» **Data provided**
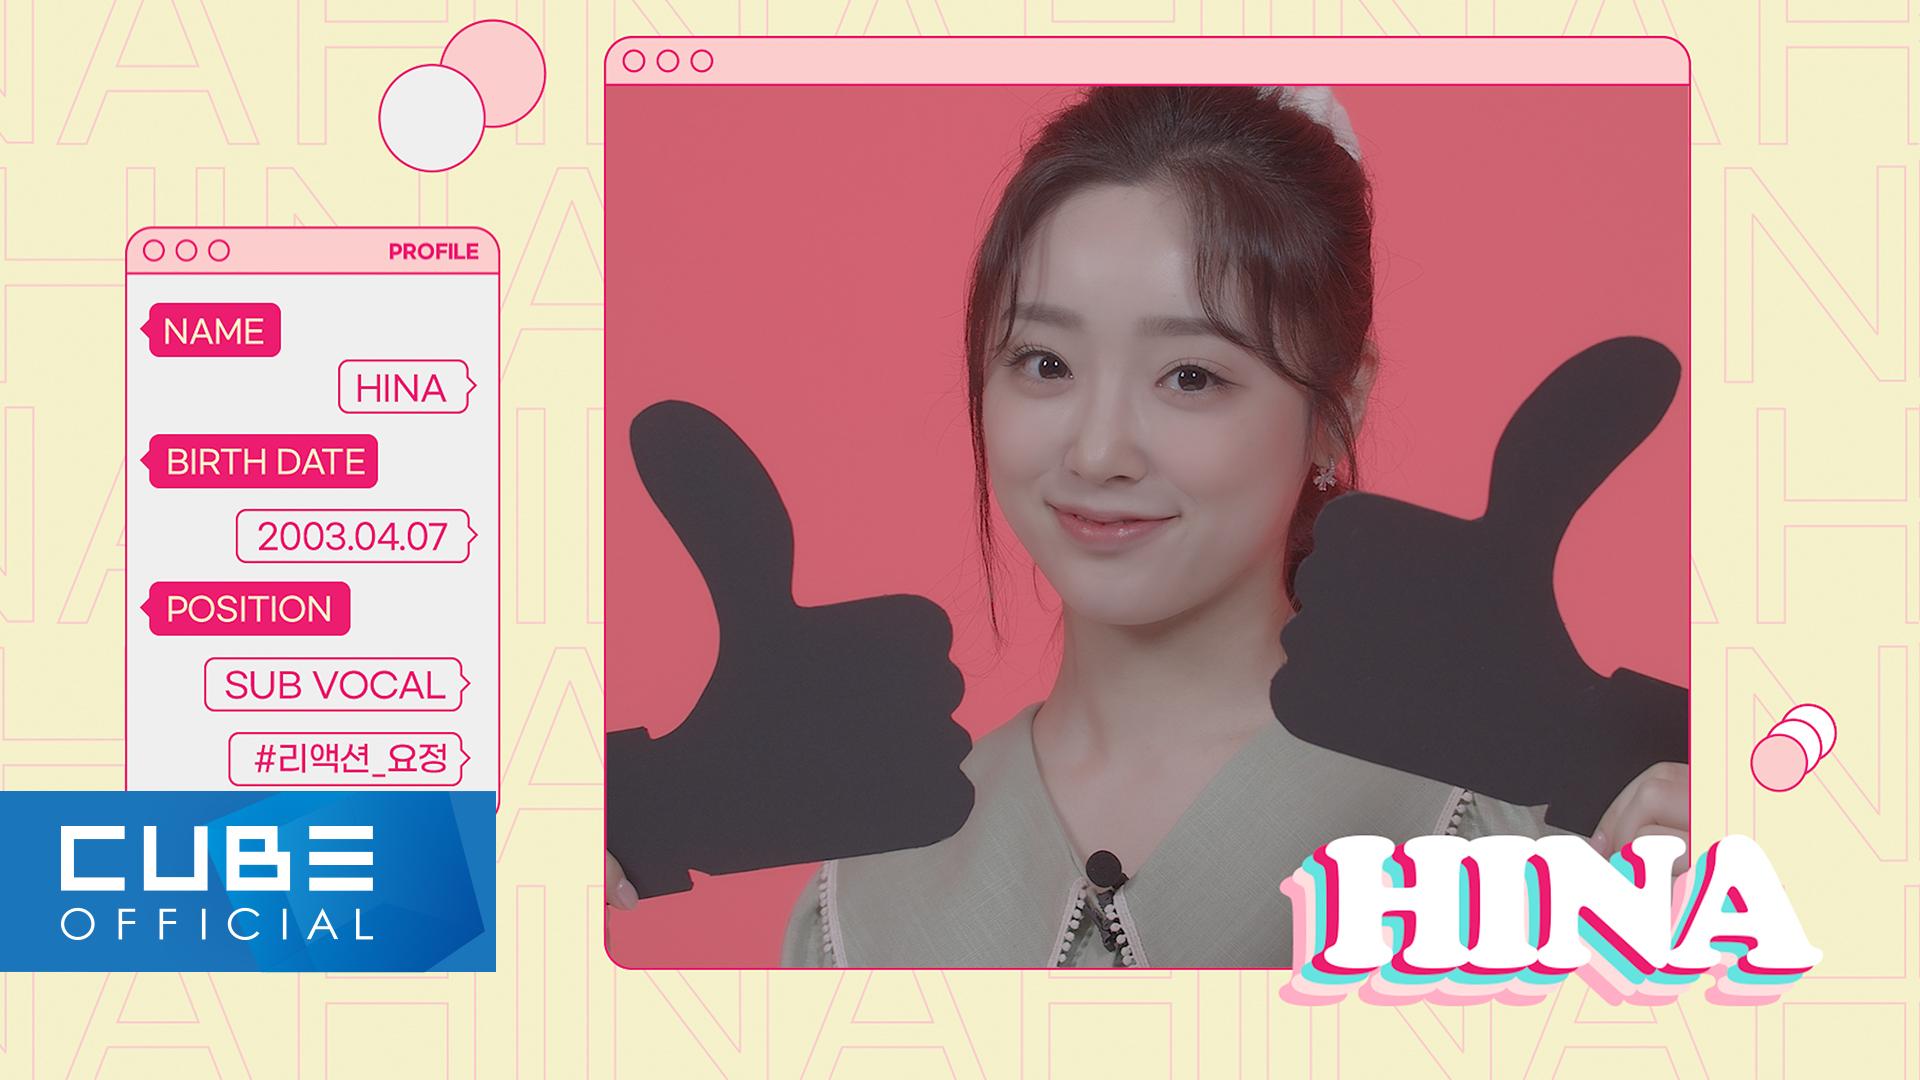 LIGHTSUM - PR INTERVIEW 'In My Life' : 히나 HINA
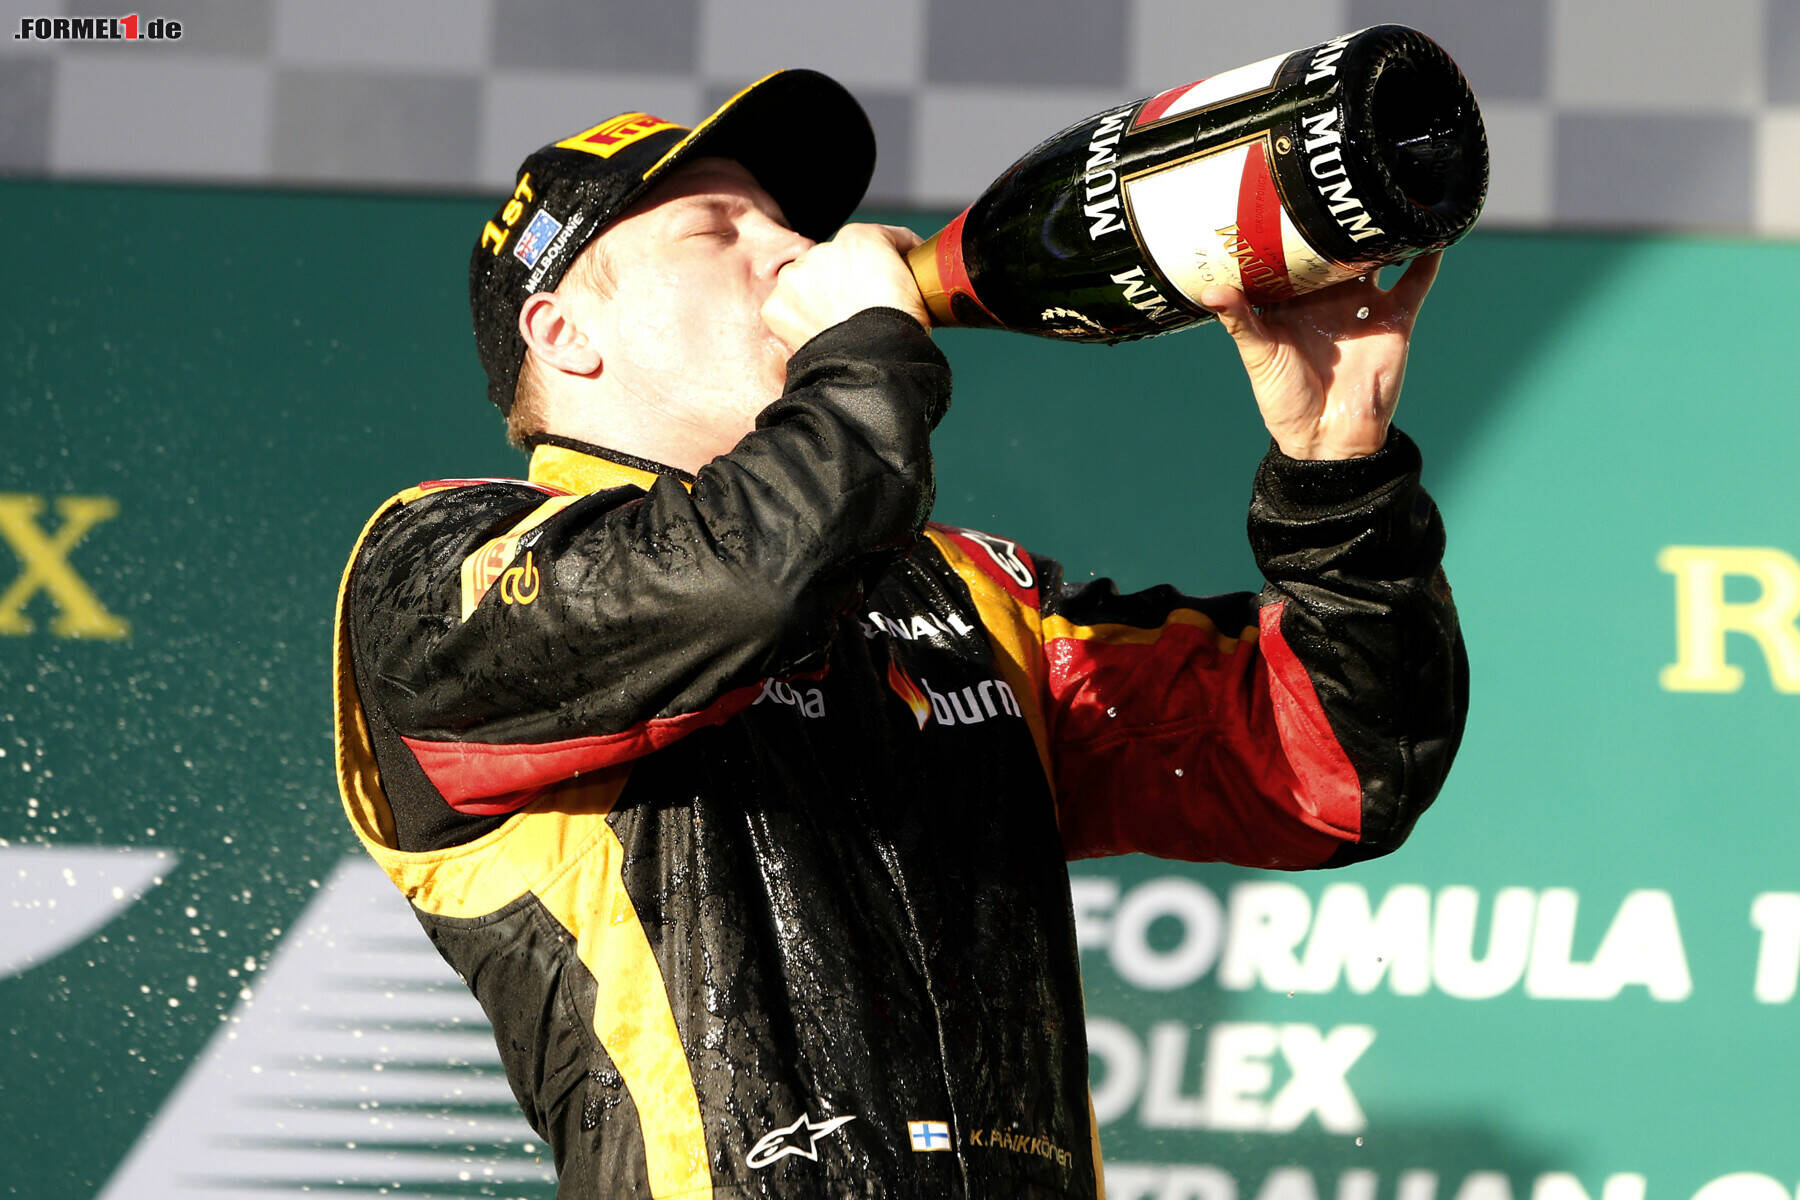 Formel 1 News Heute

* * *

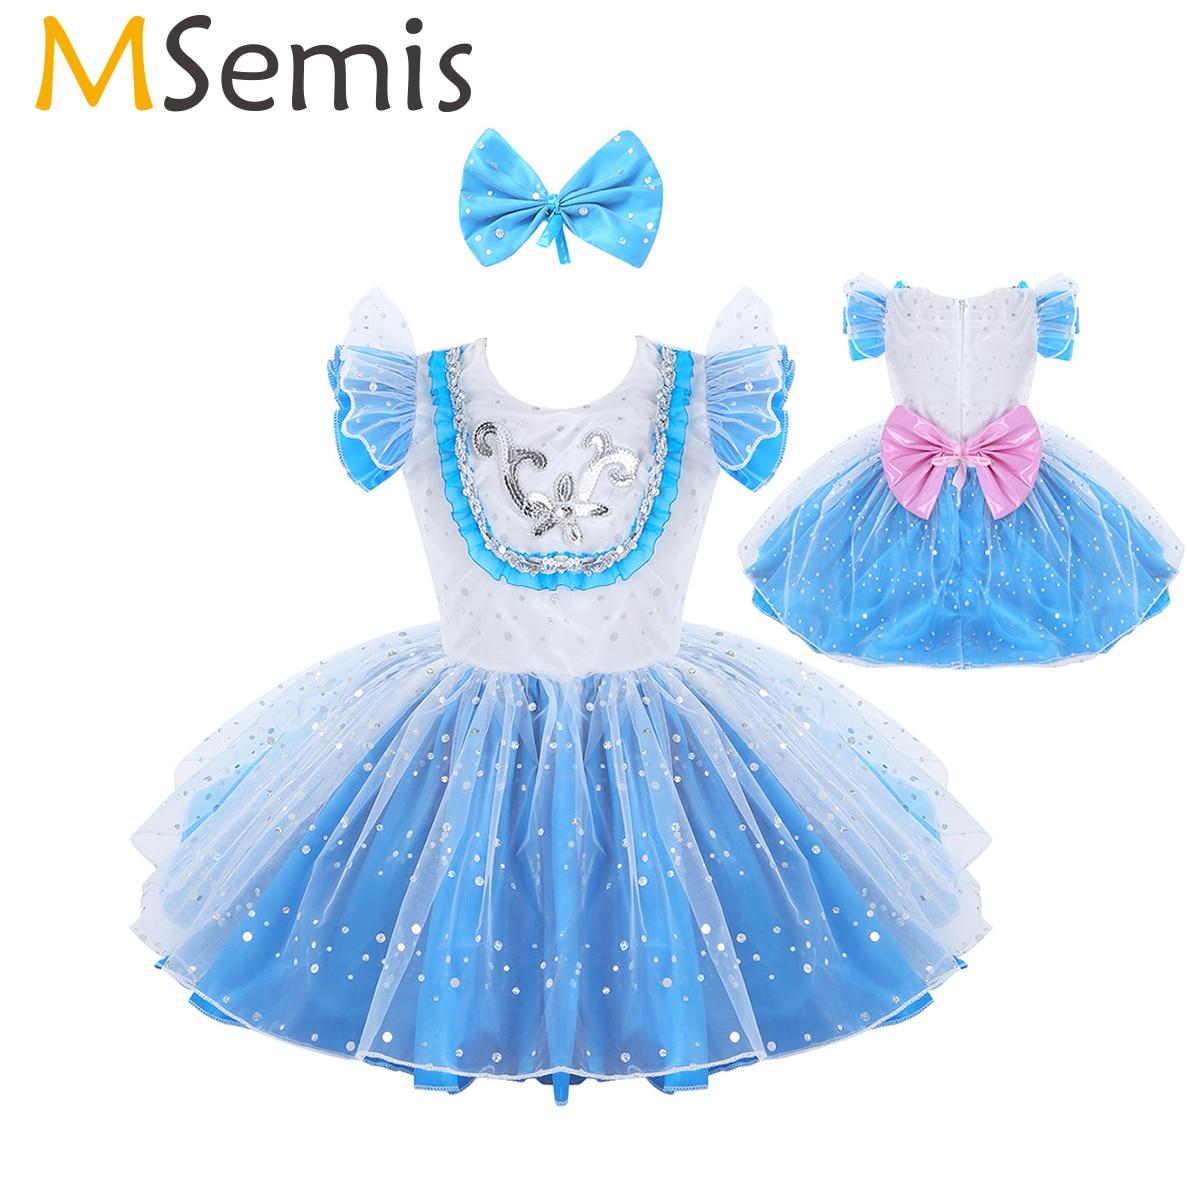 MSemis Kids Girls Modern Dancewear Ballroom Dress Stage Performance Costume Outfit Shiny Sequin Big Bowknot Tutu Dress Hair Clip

» **Task details**
Look above for the line with "LIGHTSUM - PR" and the line with "Formel 1 News Heute". Copy them and every line between, exactly, but no pictures.

» **Output of the task**
 LIGHTSUM - PR INTERVIEW 'In My Life' : 히나 HINA
 Formel 1 News Heute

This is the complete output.